- Activity: Copy the data exactly. Images are to be left out.

- Data provided:
+ + +
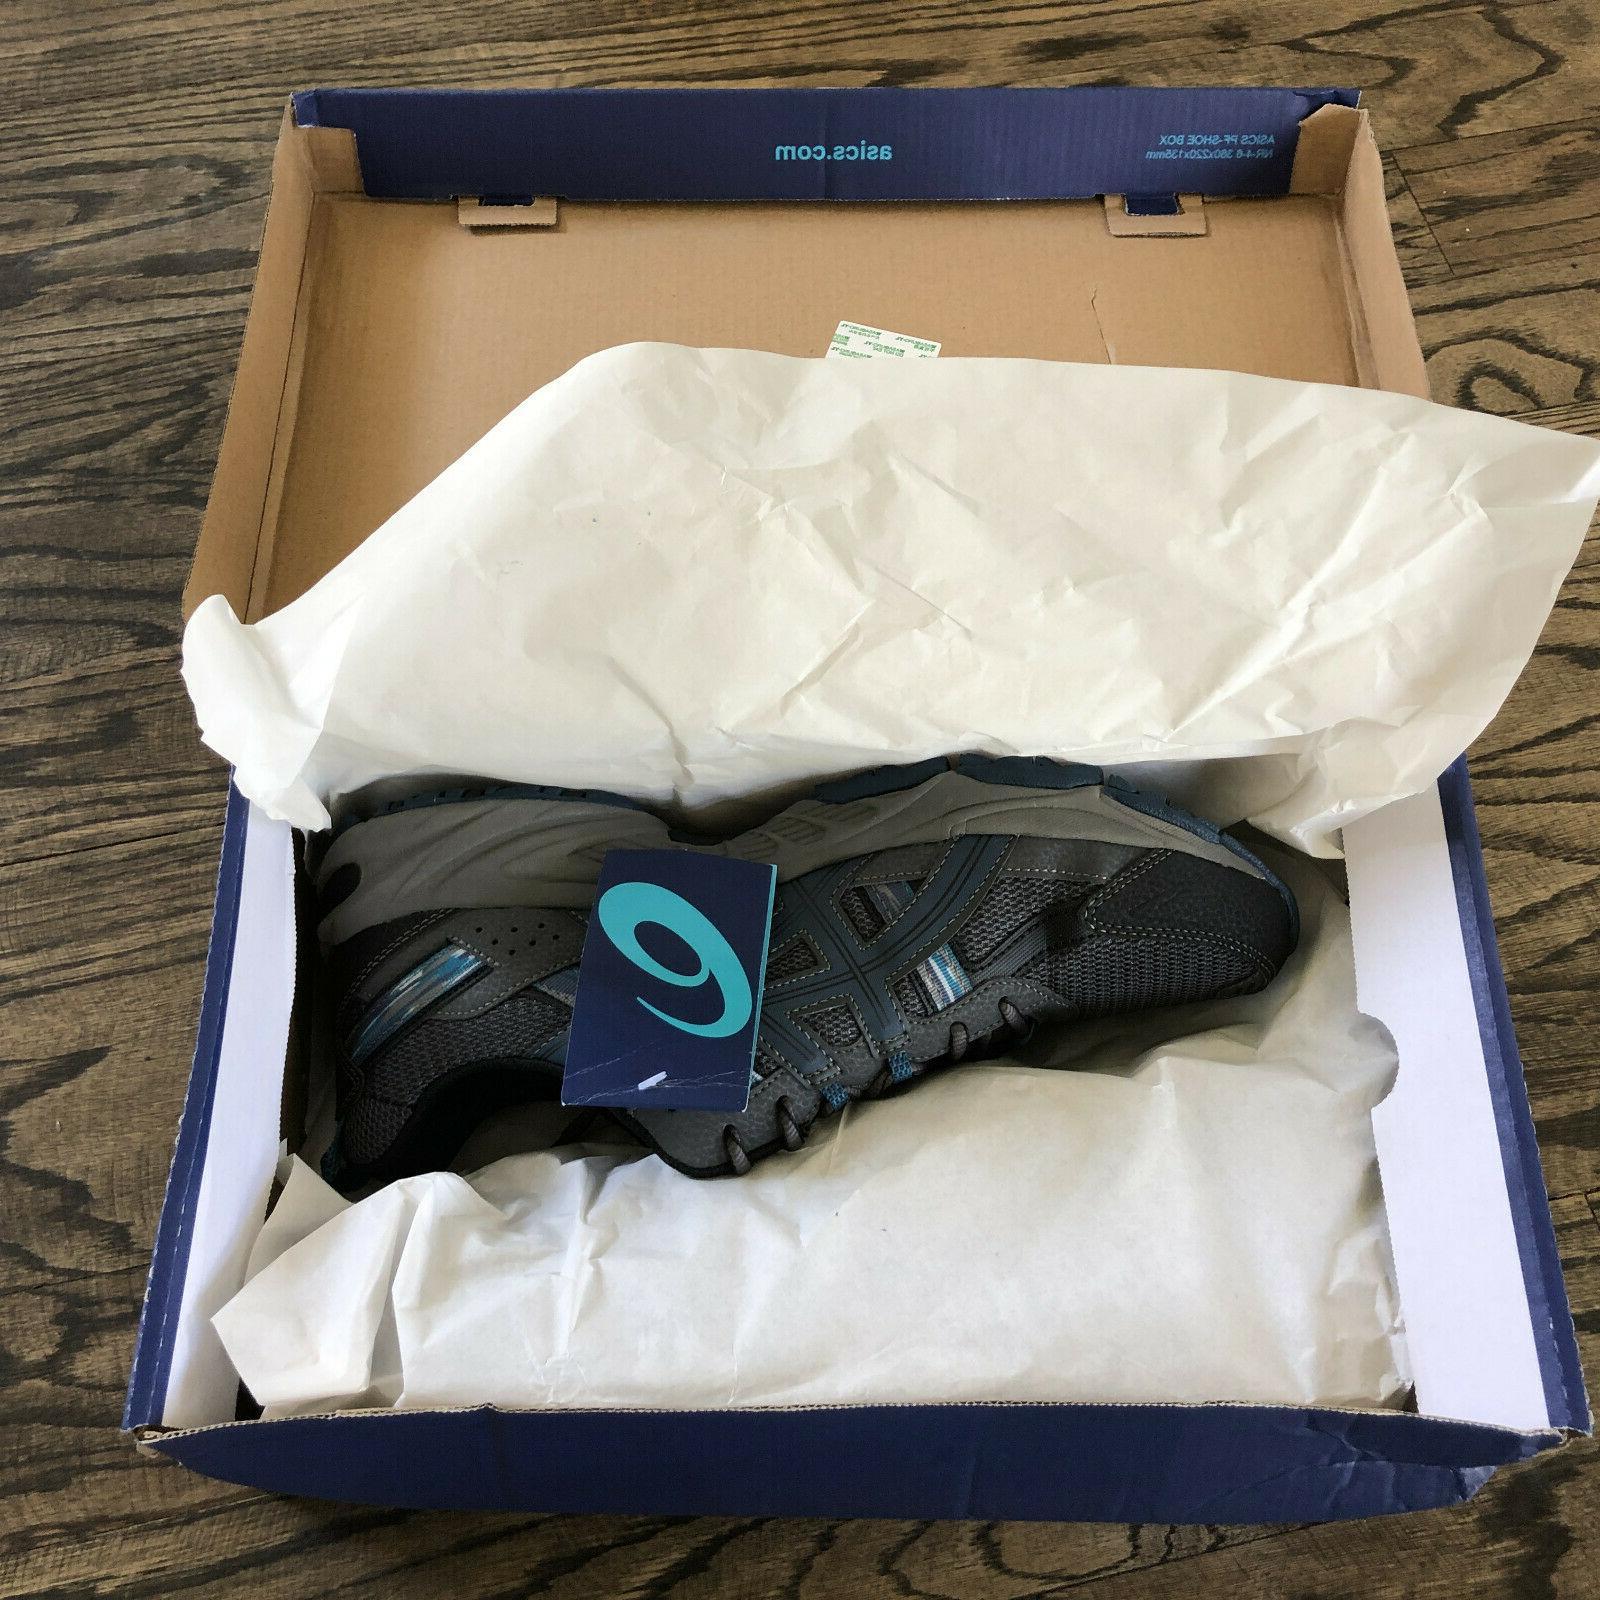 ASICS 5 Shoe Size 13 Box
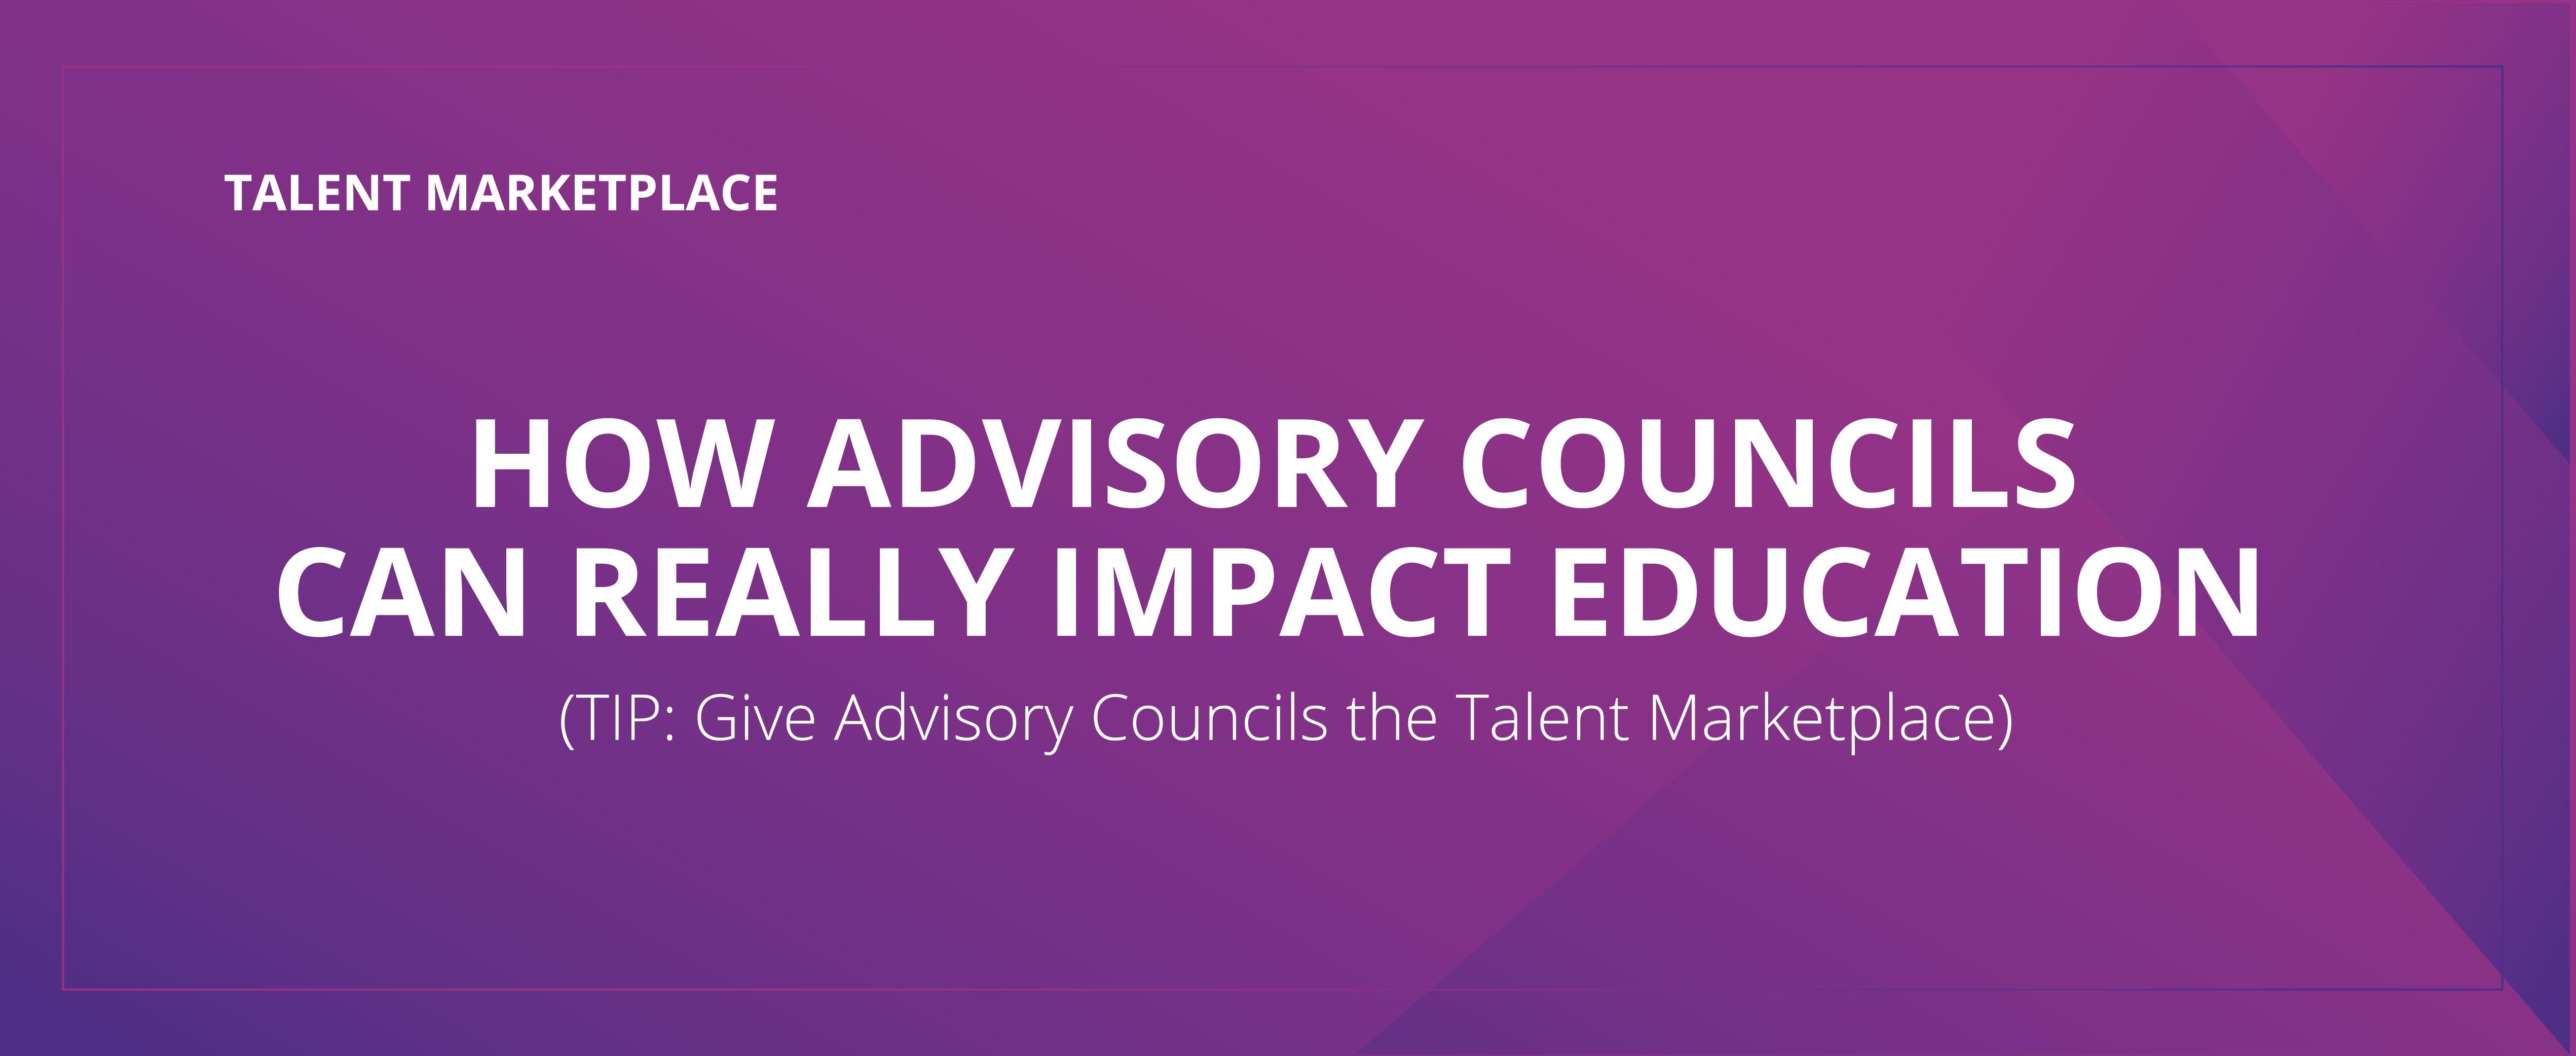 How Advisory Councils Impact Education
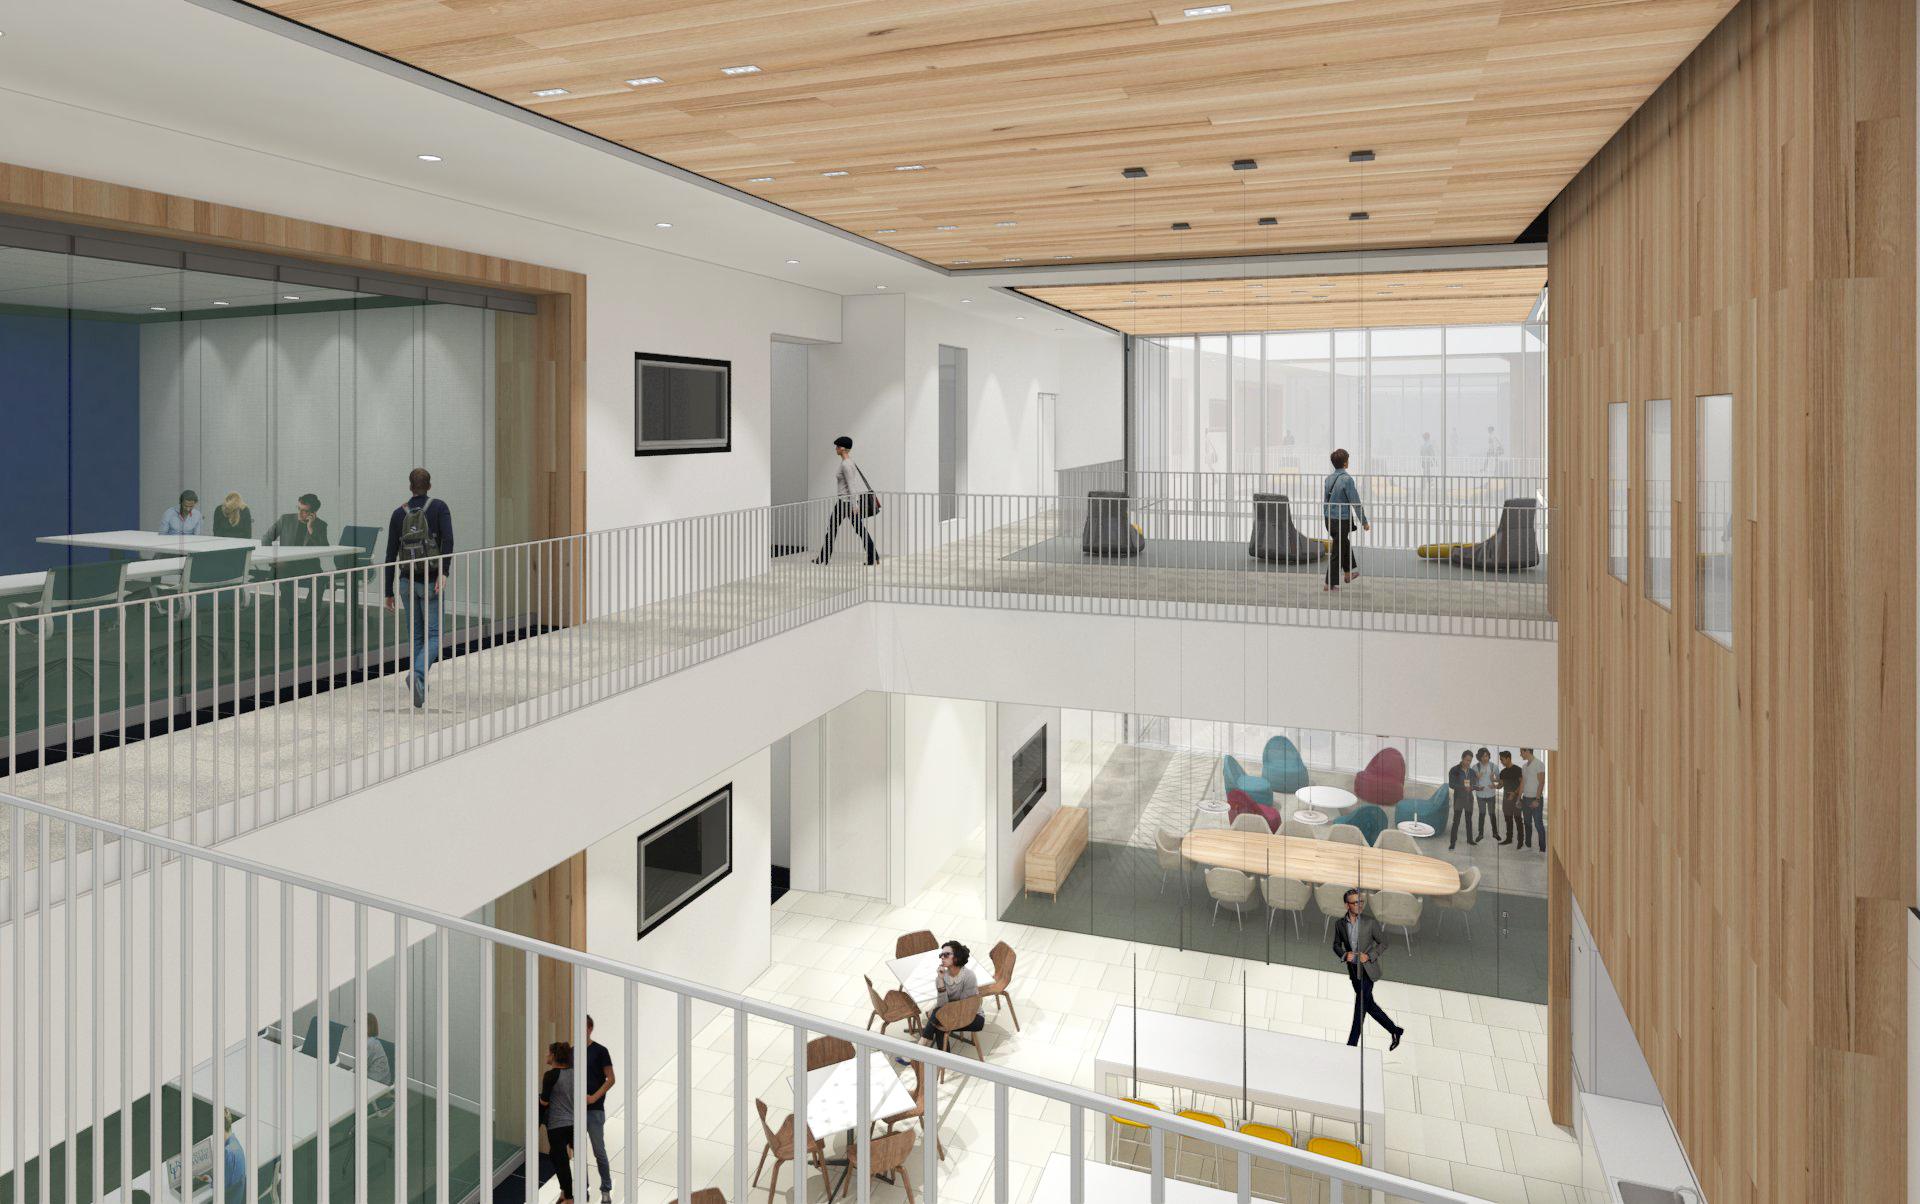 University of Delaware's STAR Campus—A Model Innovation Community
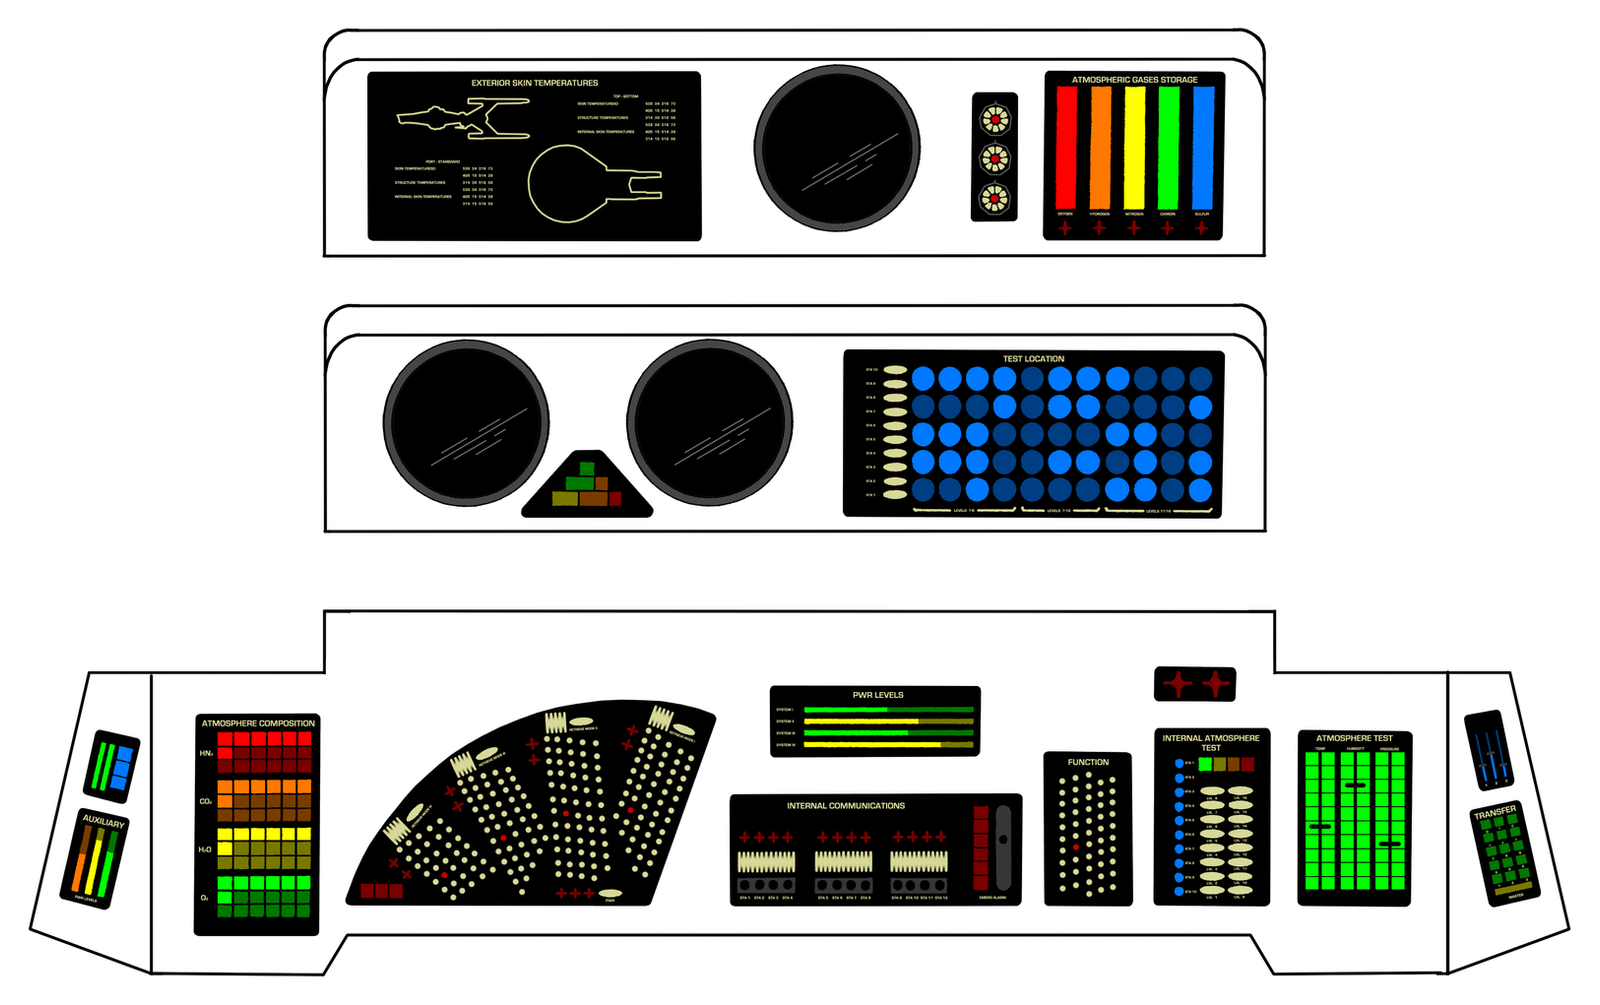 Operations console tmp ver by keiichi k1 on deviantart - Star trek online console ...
+ + +
- Output:
 ASICS 5 Shoe Size 13 Box
 How Advisory Councils Impact Education
 University of Delaware's STAR Campus—A Model Innovation Community
 Operations console tmp ver by keiichi k1 on deviantart - Star trek online console ...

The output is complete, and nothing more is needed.